The Great Game

It is not to belittle Surrealist activity — as it has unfolded from 1924 to the present day — to consider it as a game, in fact as The Great Game, whose prizes in the eyes of those who played and lived it, can be calculated in promises of freedom, love, revolution, and in anything else that intransigent desire can aspire to.

— Philippe Audouin

A Surprisingly Simple Game of Chance

hibiscus signed

— photograph by Michelle Tennison

 

How to play The Question and Answer Game:*

 

A question is written down and the paper folded to conceal it. Another player writes an answer without reading the question. The paper is unfolded to reveal the results.

 

What is a dream?
          one note
         of
          Mozart

Question Dietmar Tauchner,  Answer Michelle Tennison (2017)

 

 

*(Also known as “Definitions”) as found in The Book of Surrealist Games, Shambala Redstone editions, Boston, 1993.

 

“The surreal is but reality that has not been disconnected from its mystery.” — Rene Magritte

Version 5
Music Coming from the Missing Pages,  Michelle Tennison

 

What do I absorb from the sun and stars?
          My mother’s voice 

Question Mary Ellen Binkele,  Answer Michelle Tennison (2014)

 

“Poetry should be made by all.” — Lautreamont

Many of the French surrealists of the early 20th Century were poets.

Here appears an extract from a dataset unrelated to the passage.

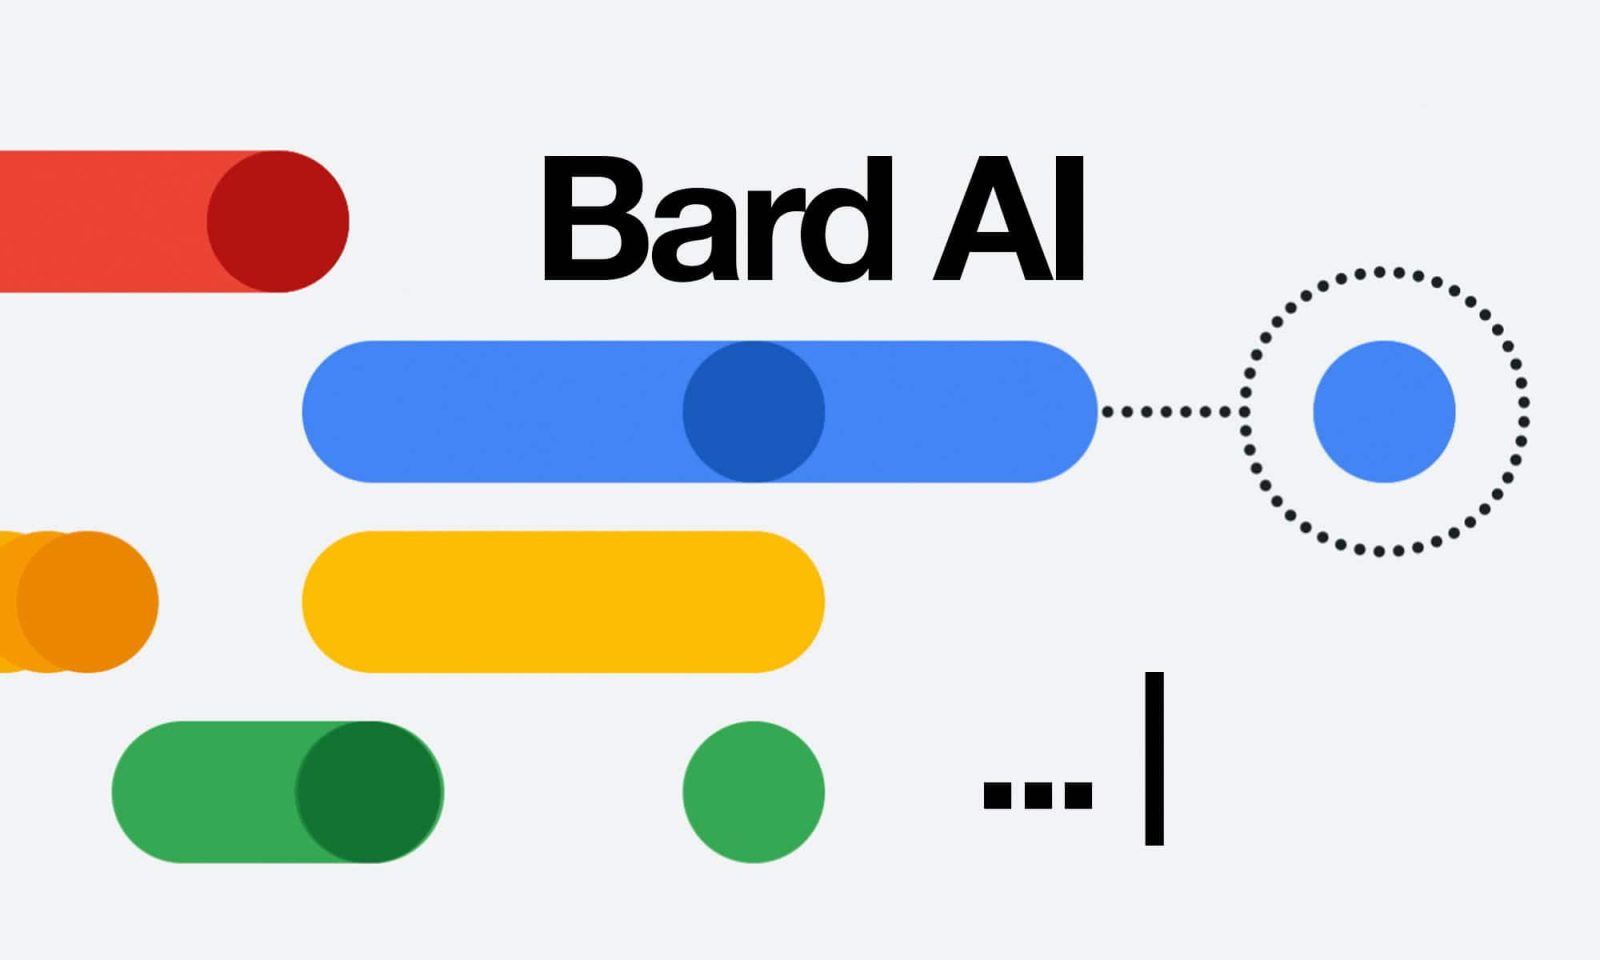 Google s'efforce de rivaliser avec OpenAI en améliorant son chatbot Bard

Maybe that’s why this game they invented (which is so easy to play) has a lot in common with exceptional poetry.  At times it hits home with an epiphanic jolt and even an aesthetic rush …  and it’s full of metaphors, which Aristotle considered the mark of genius.*

The fact that we’re playing a game and we laugh a lot more than we usually do with poetry is a just a nice bonus.

 

*The greatest thing by far,” said Aristotle in the Poetics (330 BC), “is to have a command of metaphor. This alone cannot be imparted by another; it is the mark of genius, for to make good metaphors implies an eye for resemblance.”

 

“The ability to perceive or think differently is more important than the knowledge gained.” — David Bohm

Version 6

Dormez Vous,  Michelle Tennison*

 

 


what is your

still, small voice
saying?
          That which is overheard while in a coma

Question Sabine Miller,  Answer Michelle Tennison (2015)

 

*The bee must have spent the night on this cosmos flower. It awoke about a half hour after this photo was taken.